▶ What to produce: What is needed is every line from the one holding "Victoria Røed, Viktor" to the last line of the data below, printed exactly and without pictures.

▶ Data provided:
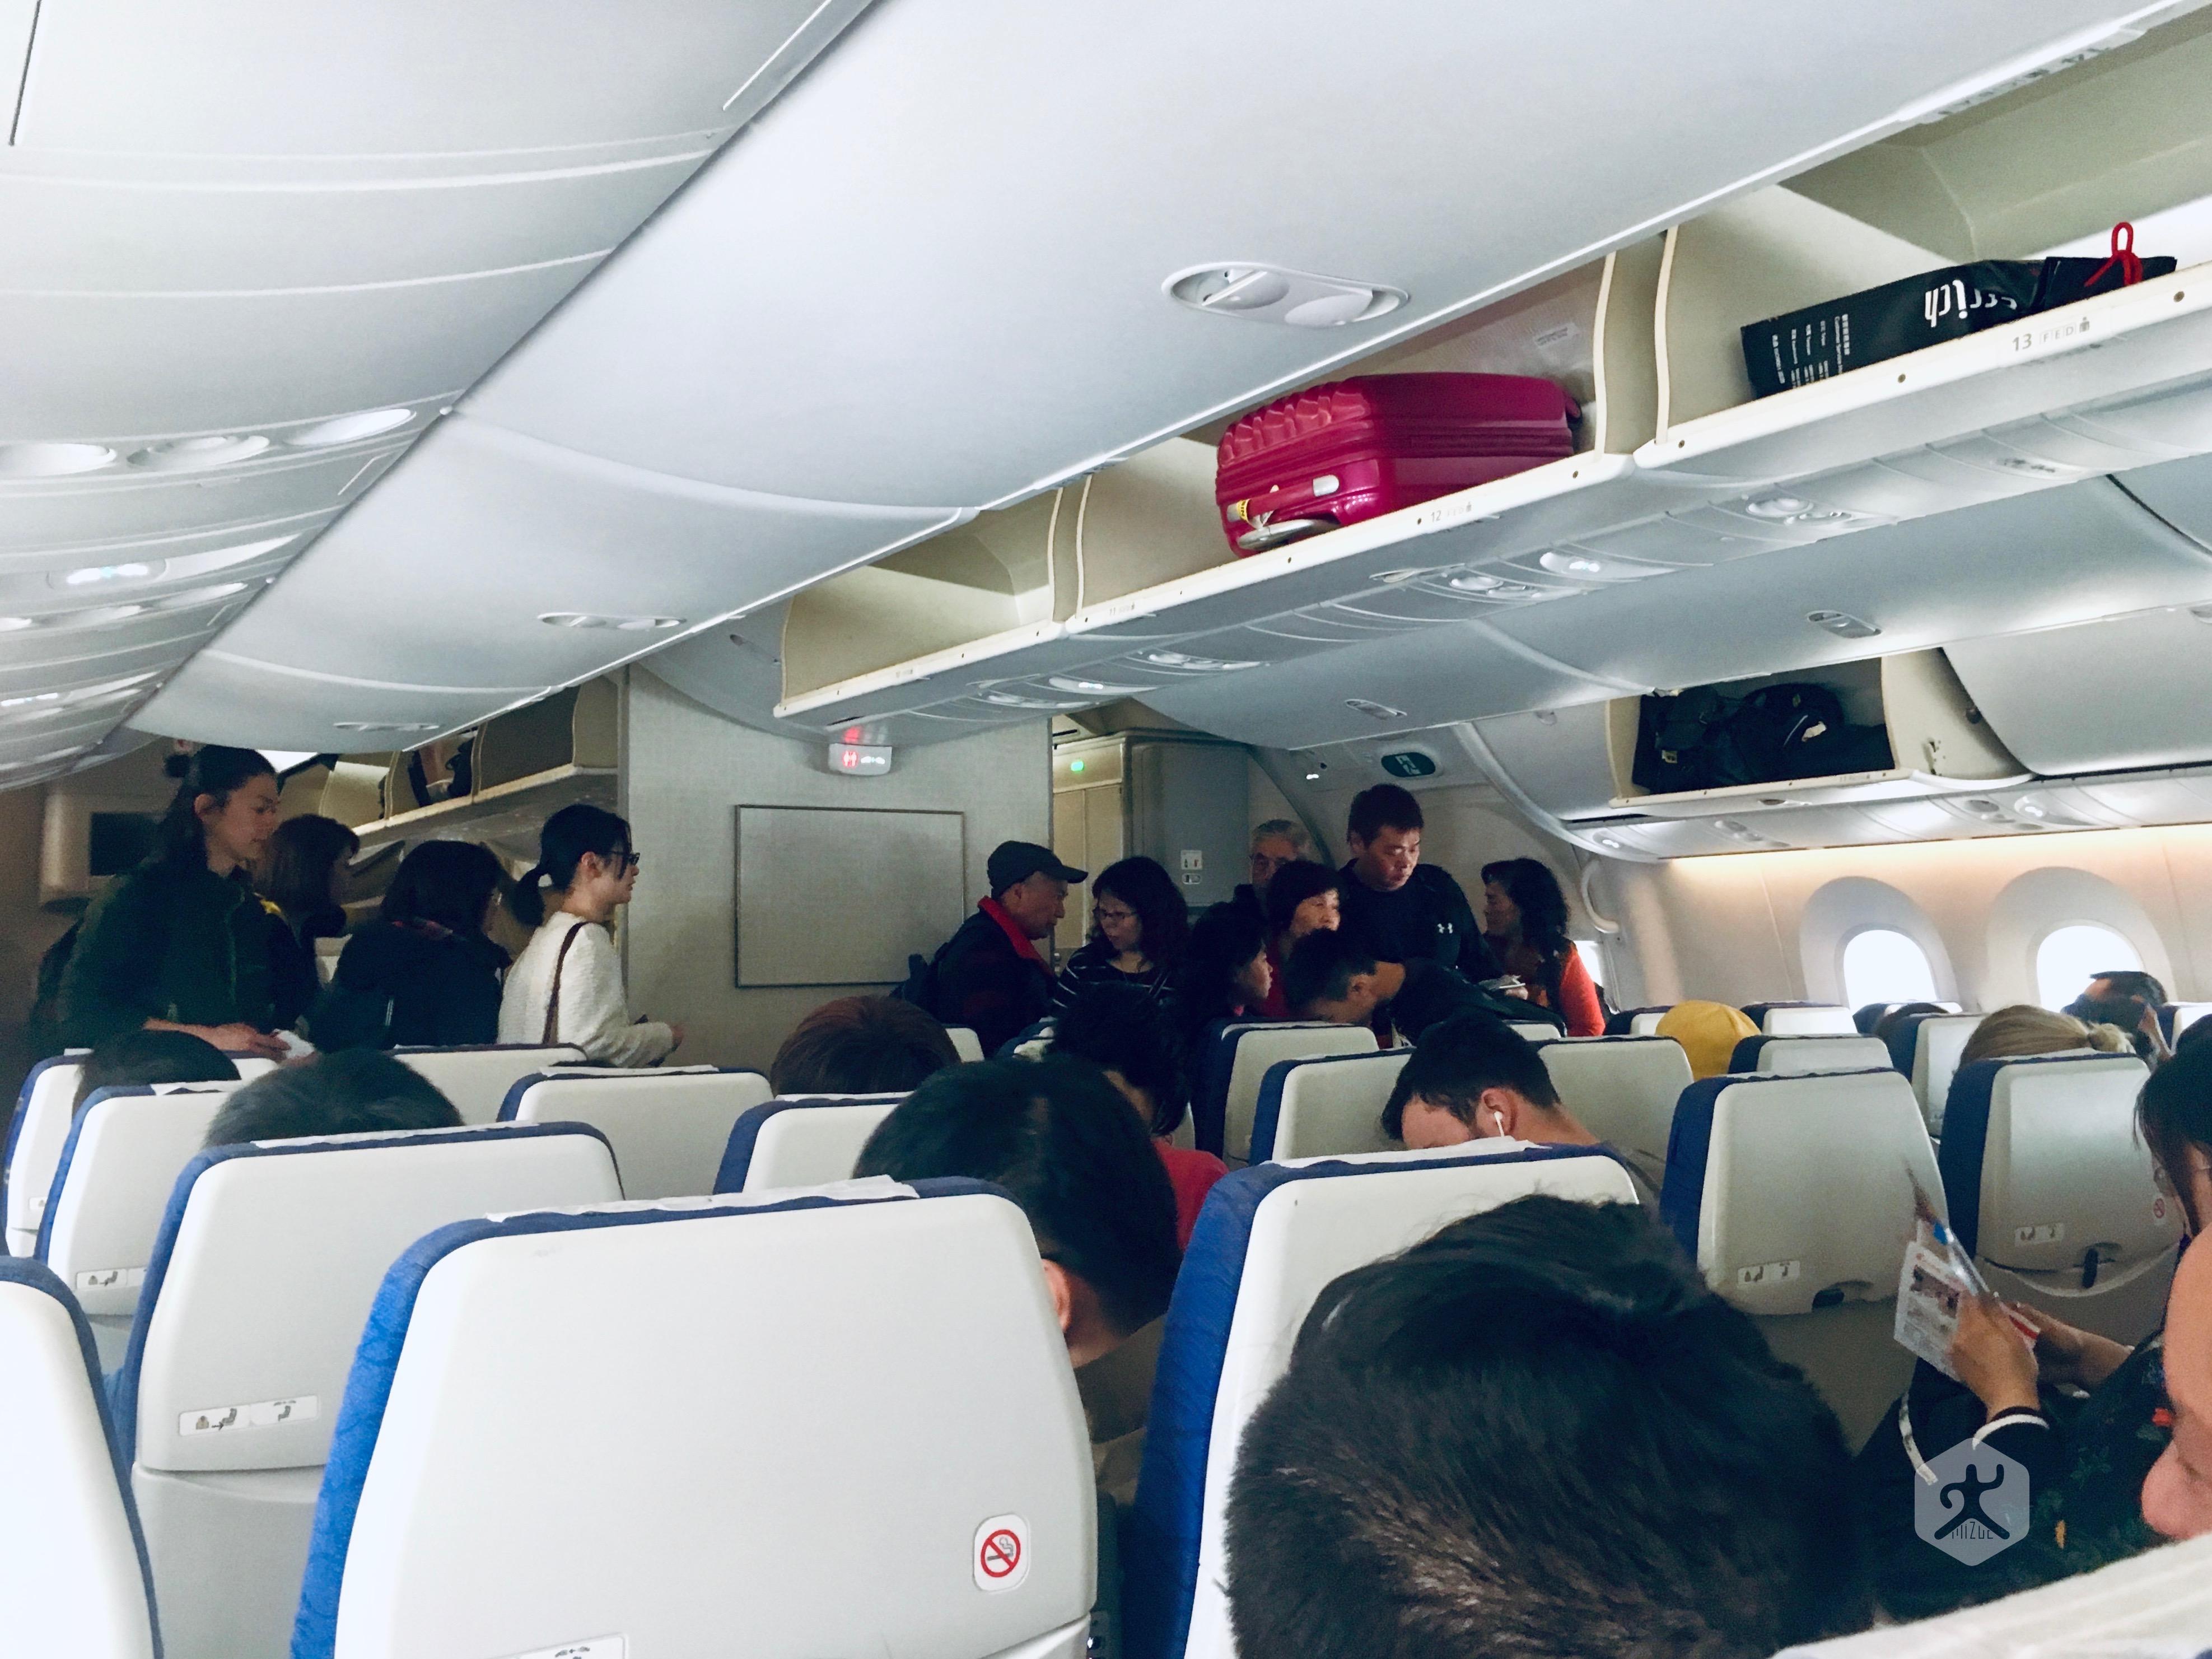 Scoot Aviation Cabin Seat Boeing 787 201903
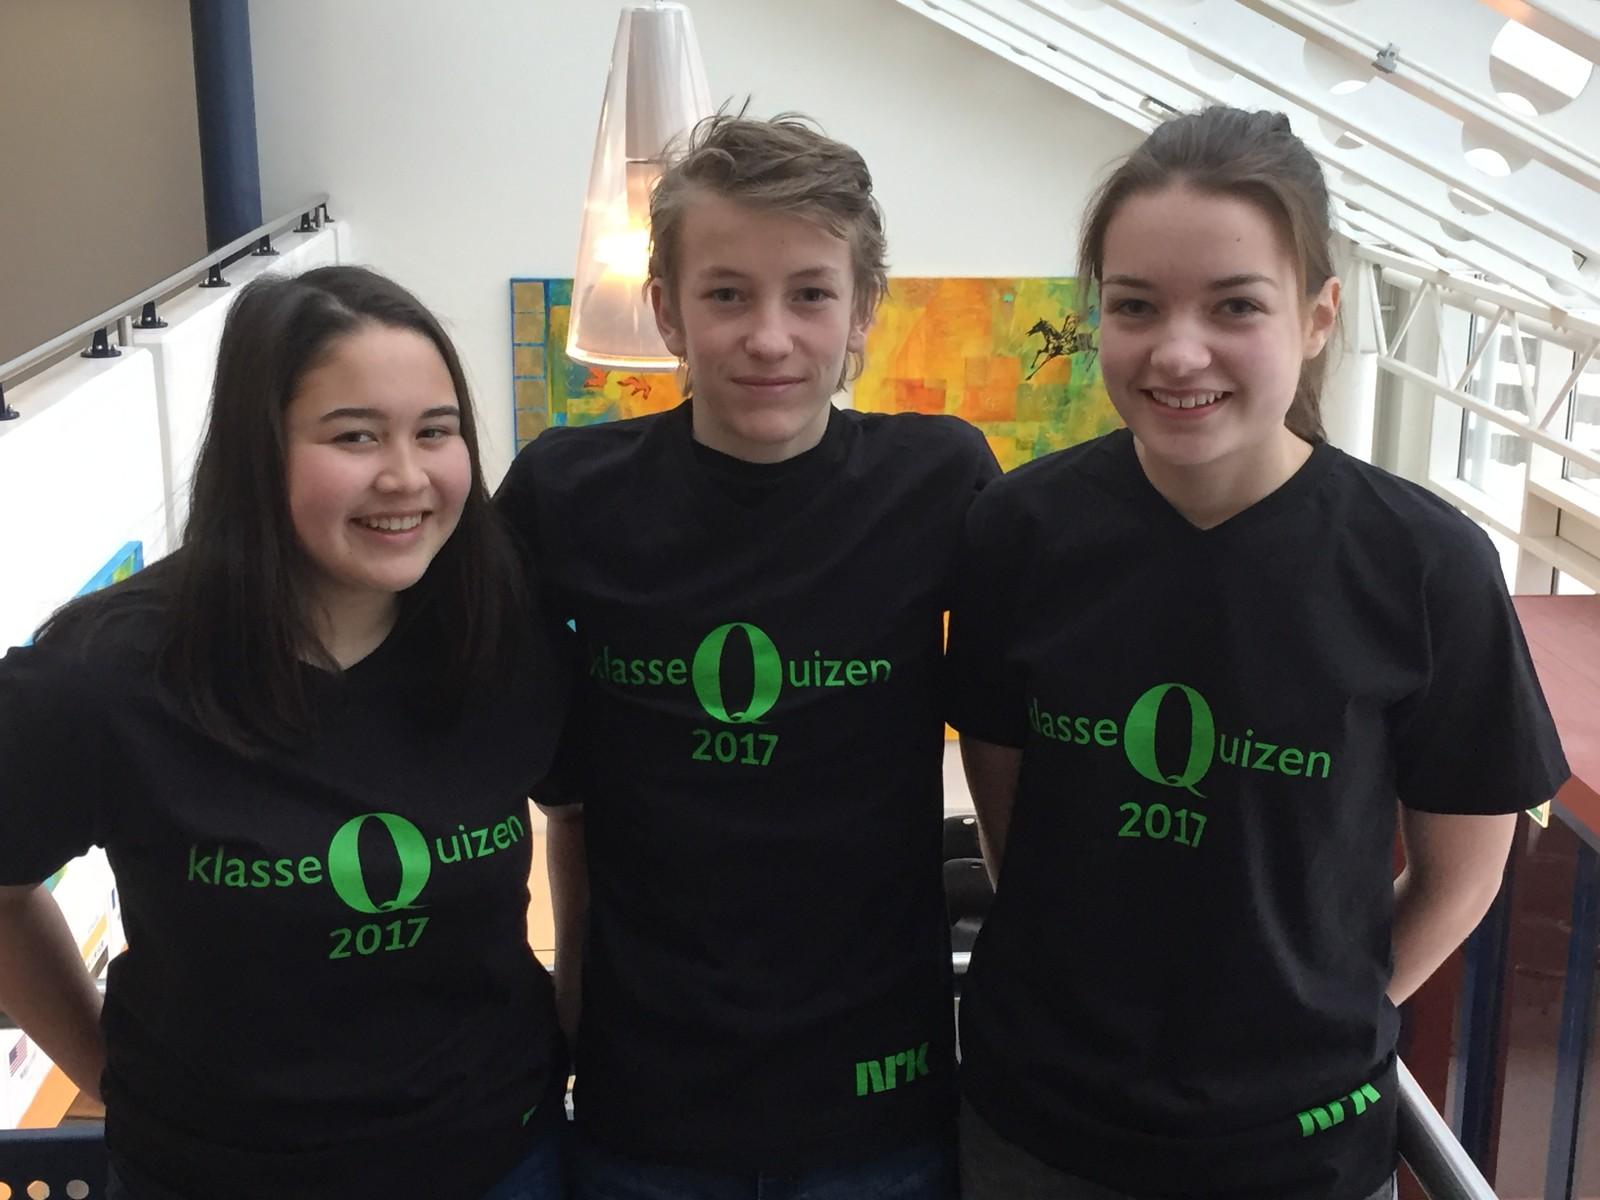 Victoria Røed, Viktor Bilstad og Ingrid Granum fra Hammartun skole klarte åtte rette.
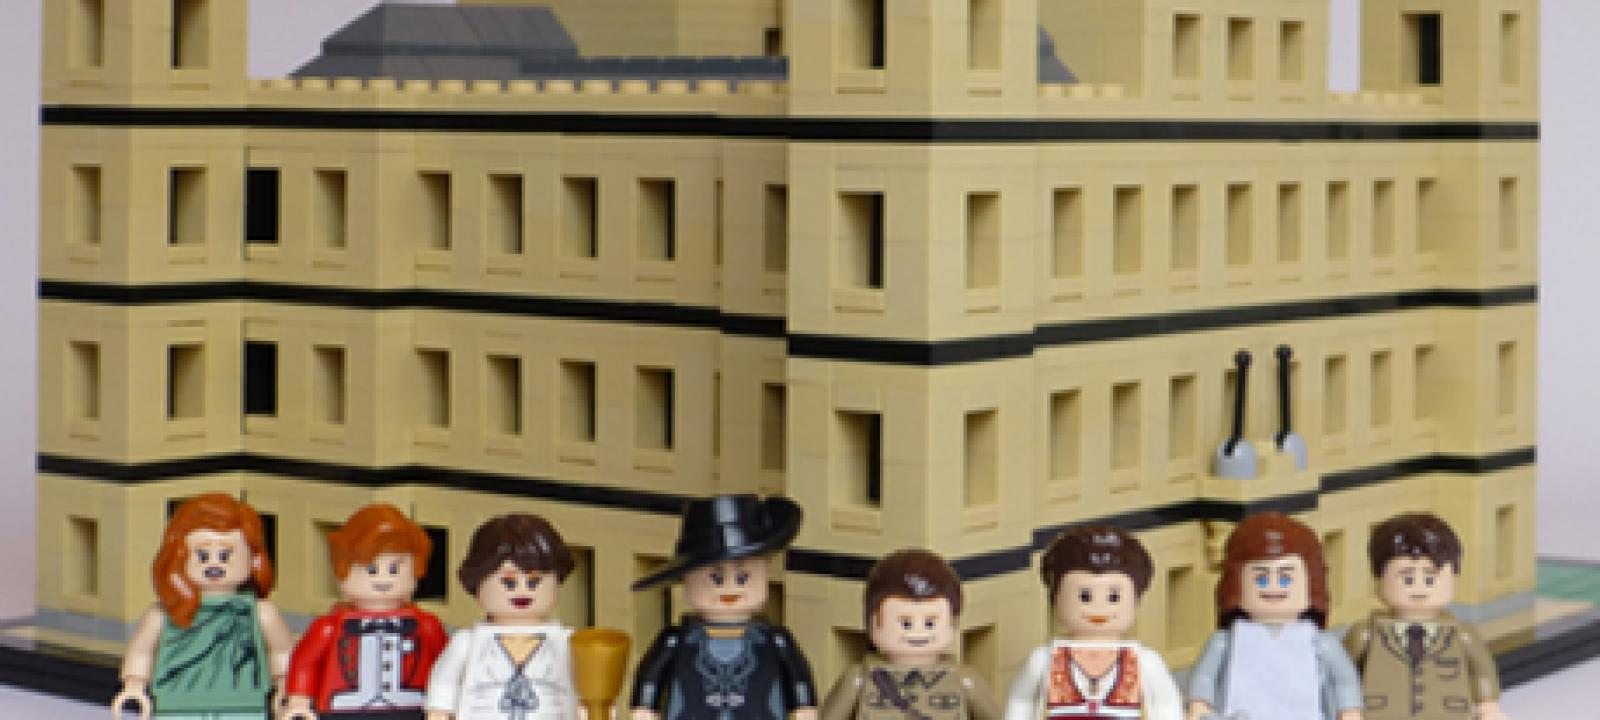 Downton Abbey, Lego

▶ Exercise solution:
 Victoria Røed, Viktor Bilstad og Ingrid Granum fra Hammartun skole klarte åtte rette.
 Downton Abbey, Lego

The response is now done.